In Ecuador and Haiti, there is acute violence and a collapse of the authority of those countries’ governments. In Peru, the government of Pedro Castillo has been paralyzed by an institutional and legal war waged relentlessy by the political opposition. Brazil is also highly polarized. Lula da Silva won the recent election with a very small margin of votes, supported by a coalition with many internal differences. Upon assuming office, he will have to face an opposition-dominated legislature in a country where most of its component states will also be governed by the opposition.
Argentina will have national elections next year in an atmosphere of great uncertainty favoring the right wing, which achieved an important advance at the end of 2021 by winning control of the senate in that year’s legislative elections. In Bolivia, the violent racist opposition in Santa Cruz continues to promote conditions for a new coup attempt against the government of Luis Arce. In Chile, Gabriel Boric has been unable to formulate a national project capable of confronting and overcoming the endless class war of the country’s right wing, a political failure expressed in the defeat in the recent referendum of the proposal for a new constitution. With different nuances, these same patterns of polarization, instability and insecurity characterize Mexico, Guatemala, Honduras and El Salvador.
Cuba continues to stand as an indomitable model of the defense of national dignity, but its population experiences extreme hardship as a result of the ruthless, genocidal U.S. blockade. The bolivarian government of President Nicolás Maduro and the Venezuelan people have overcome the worst effects of the innumerable illegal coercive measures, sabotage and assassination attempts by the United States, the European Union and the Colombian government of Iván Duque.

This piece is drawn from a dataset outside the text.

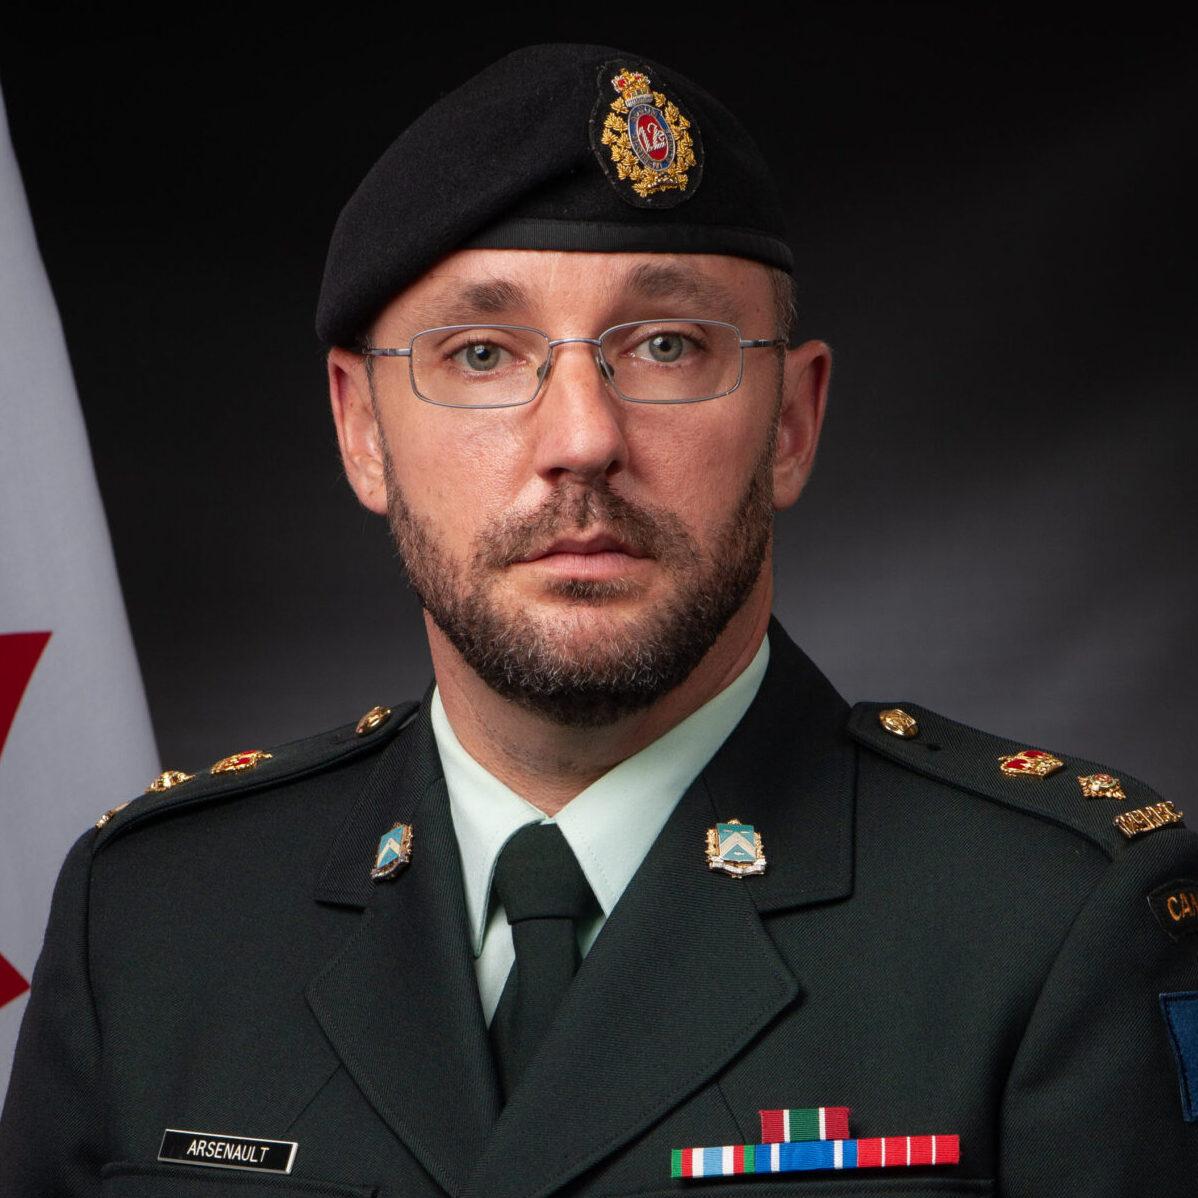 Lieutenant-colonel Arsenault

But it will take time to achieve the full recovery of its economy and society after more than a decade of savage Western aggression, still in force, as demonstrated by the recent renewal by the European Union of its illegal coercive measures against Venezuela.

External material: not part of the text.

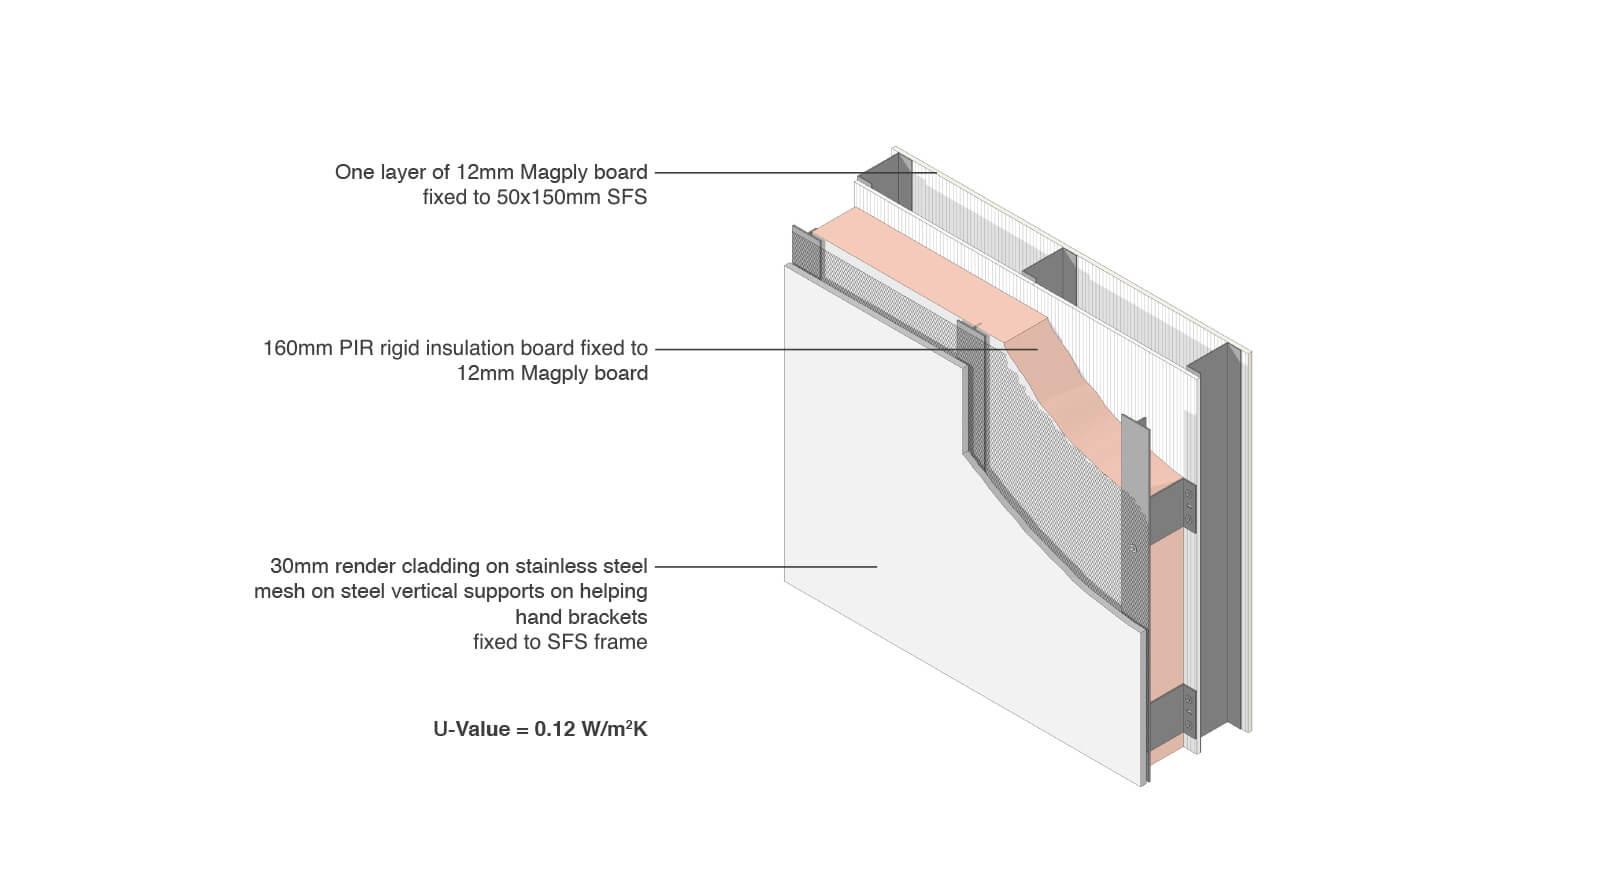 Magply Render Mesh Cladding 3D • Magply

Few countries in the region are politically, economically and socially stable. In the countries of the Central American system, the Dominican Republic, Costa Rica, Panama and, especially, Nicaragua show the highest levels of stability. Nicaragua has achieved this despite the persistent aggression of the United States and its allies. The country’s society and economy assimilated in an unexpectedly short time the serious economic consequences of the violent failed coup attempt of 2018, organized by the United States and some countries of the European Union. They had practically overcome the effects of that failed coup attempt when Covid-19 appeared in 2020, a challenge which Nicaragua’s government under President Ortega also overcame with exceptional success
Similarly, Nicaragua has managed to adjust its economy to successive North American and European illegal coercive measures over the last five years, achieving GDP growth this year of more than 5%, among the highest in Latin America and the Caribbean. The municipal elections last November 6th proved that Nicaragua has achieved levels of political and social cohesion and unity, of peace and citizen security that remain a distant dream for the rest of Latin America. Together with the revolutionary processes of Cuba and Venezuela, the People as President in Nicaragua defend the country’s national sovereign dignity, actively promoting the region’s emancipation and integration in a multipolar world, with no illusions that the West’s genocidal elites are going to give up voluntarily one iota of their economic power.